# EXERCISE INSTRUCTIONS
In the entries that follow, the first line to write out is the one containing "Buckley London Royal Crown Charm Bracelet", and the last is the one containing "Crocs Men's Santa". Reproduce that stretch exactly, with nothing before or after it.

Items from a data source

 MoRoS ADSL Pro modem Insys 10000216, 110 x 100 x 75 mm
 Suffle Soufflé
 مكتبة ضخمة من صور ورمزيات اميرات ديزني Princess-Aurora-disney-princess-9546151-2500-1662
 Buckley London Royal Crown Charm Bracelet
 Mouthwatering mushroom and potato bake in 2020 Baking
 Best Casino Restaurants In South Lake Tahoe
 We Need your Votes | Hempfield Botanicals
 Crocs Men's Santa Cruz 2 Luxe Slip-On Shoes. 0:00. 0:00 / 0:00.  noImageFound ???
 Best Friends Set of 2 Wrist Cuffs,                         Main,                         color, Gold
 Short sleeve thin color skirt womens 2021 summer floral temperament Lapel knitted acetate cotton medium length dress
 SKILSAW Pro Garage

# TASK ANSWER
 Buckley London Royal Crown Charm Bracelet
 Mouthwatering mushroom and potato bake in 2020 Baking
 Best Casino Restaurants In South Lake Tahoe
 We Need your Votes | Hempfield Botanicals
 Crocs Men's Santa Cruz 2 Luxe Slip-On Shoes. 0:00. 0:00 / 0:00.  noImageFound ???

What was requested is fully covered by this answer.